Gewohntes abzulegen fällt schwer. Doch irgendwann ist der Punkt erreicht, an dem das Festhalten an überholter Technik die Grenze zwischen sympathischer Schrulligkeit und einem ernsthaften Problem überschritten ist. Die SMS als Schutzmechanismus ist ein solches Problem.

Es ist das Jahr 2024. Das ganze Internet hat erkannt, dass sichere Authentifizierung wichtig ist. Das ganze Internet? Nein! Ein gar nicht mal so kleines Dorf Unbeugsamer hält immer noch an der SMS fest, um Bankkonten zu sichern, Anmeldelinks zu versenden und WhatsApp-Konten zu verifizieren – und es will nicht von ihr ablassen. 
Seit über zehn Jahren warnen Fachleute davor, dass die SMS als Authentifizierungs- und Anmeldefaktor nicht mehr dem Stand der Technik entspricht und somit nicht mehr als sicher zu betrachten ist.

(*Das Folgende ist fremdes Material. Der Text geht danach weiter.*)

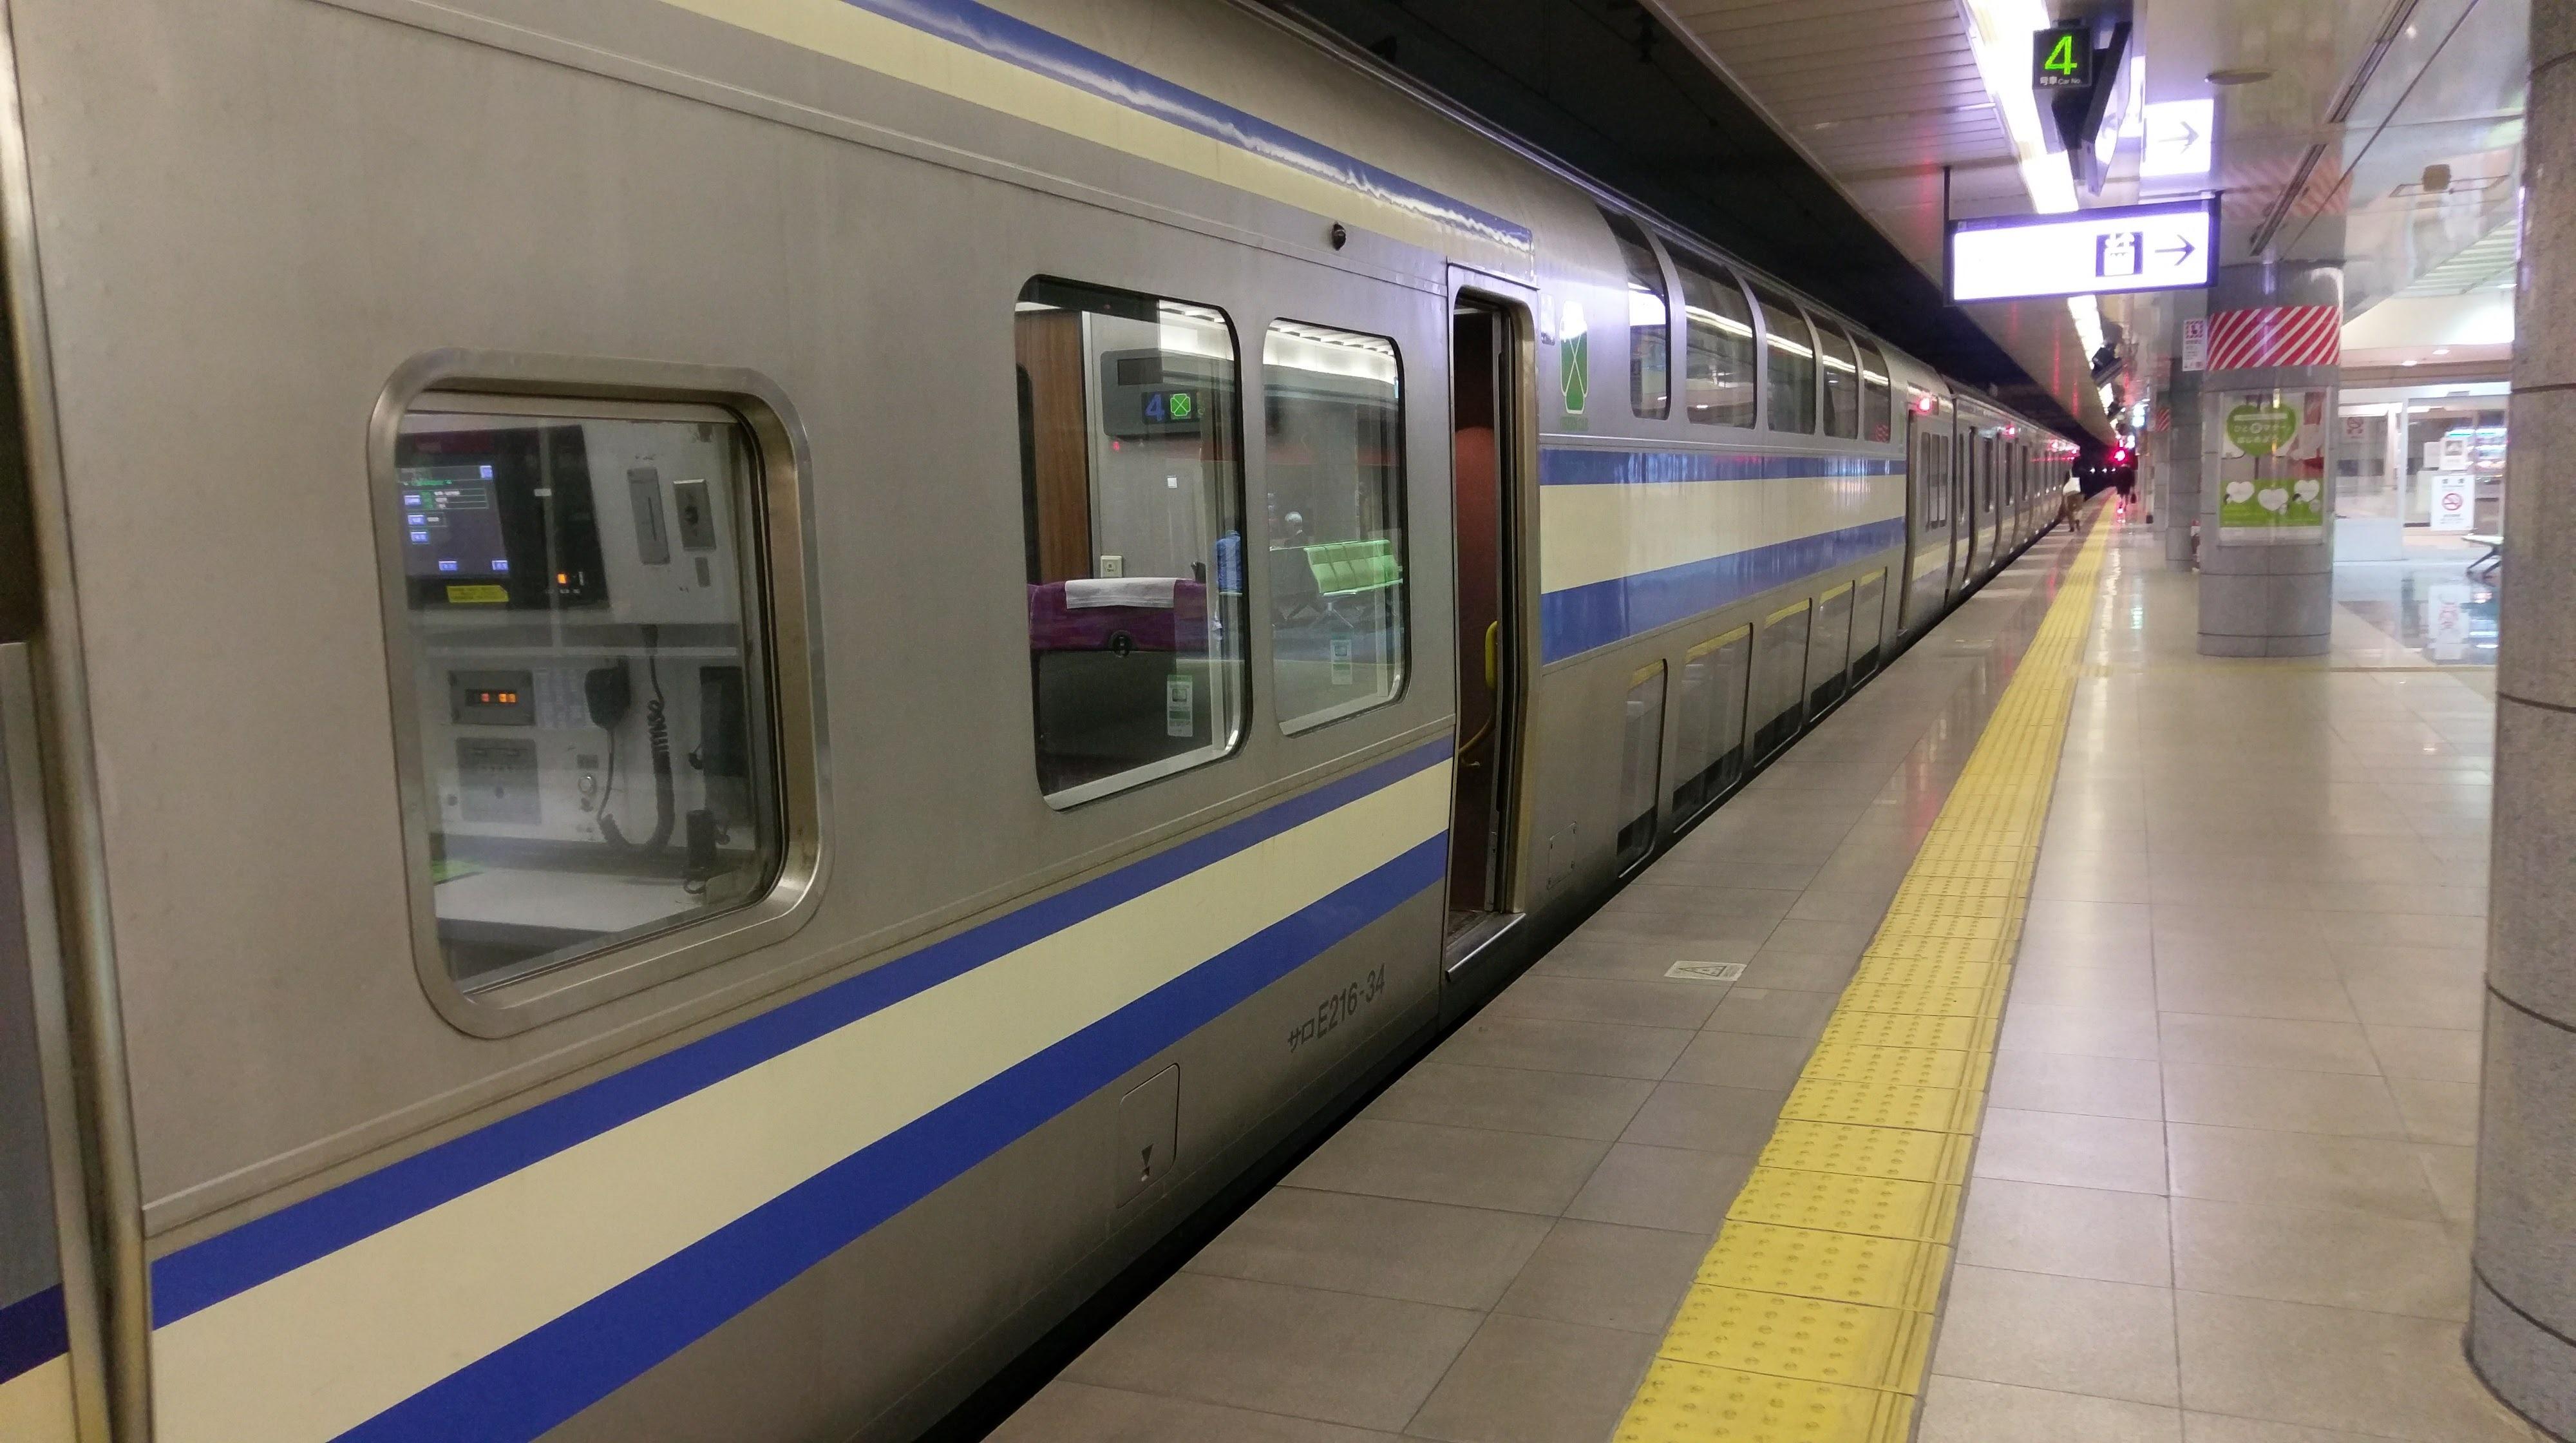 http://aoba-trfc.sakura.ne.jp/sblo_files/aoba-trfc/image/IMAG5141.jpg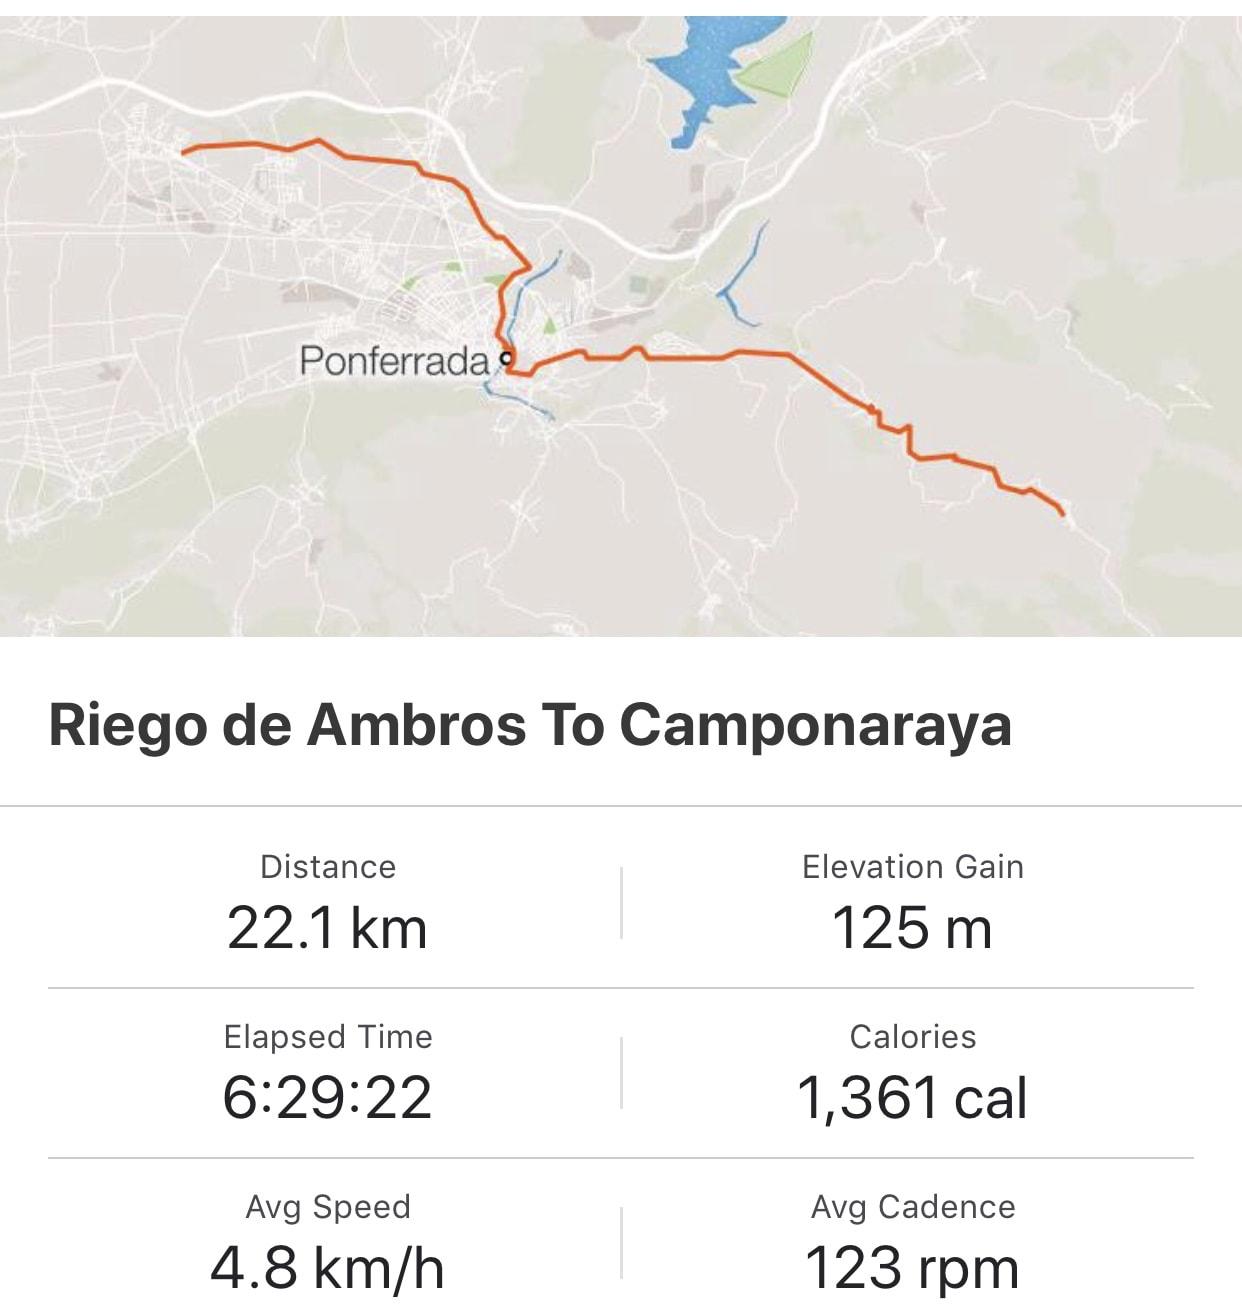 Strava: Riego de Ambros to Camponaraya

Viele Banken haben immerhin vom SMS-TAN-Verfahren Abstand genommen, aber es wird noch immer vereinzelt eingesetzt. Schon 2017 hatten es Täter geschafft, mit Hilfe von SS7 Bankonten leer zu räumen.  

Historisch gewachsen

Die Sicherheitsbedenken hinsichtlich der SMS als sicherheitskritischen Faktor drehen sich in erster Linie um eine Sammlung von Kommunikationsprotokollen, die mittlerweile ein halbes Jahrhundert alt sind, aber noch immer genutzt werden: Das „Signalling System Nr. 7“, kurz „SS7“. Ursprünglich war diese Protokollsammlung für Telekommunikationsunternehmen unter anderem dazu entwickelt worden, Tarif-Informationen für individuelle Telefongespräche zwischen zwei Stellen zu übermitteln und für die Rechnungslegung zu nutzen. So fand die Technologie auch Eingang in den Anfang der 1980er Jahre langsam aufkommenden Mobilfunk. Sie wurde mit den Jahren nach und nach erweitert. Dabei spielte Authentifizierung keine Rolle – sie war nicht erforderlich. Sprich: Es gab keine Sicherheit in SS7. Wer auf die entsprechenden Protokolle zugreift, wird auch nicht nach Informationen gefragt, die den Abruf von Informationen oder die Nutzung bestimmter Dienste legitimiert. 
Das Ergebnis ist, dass jemand mit Zugriff auf die SS7-Schnittstellen nicht nur Anrufe und SMS umleiten, sondern auch Geräte relativ genau orten kann (bis auf Funkzellen-Ebene). SS7 erlaubt auch die Entschlüsselung und somit das Mitlesen von SMS im Klartext – und das ist bis heute so. 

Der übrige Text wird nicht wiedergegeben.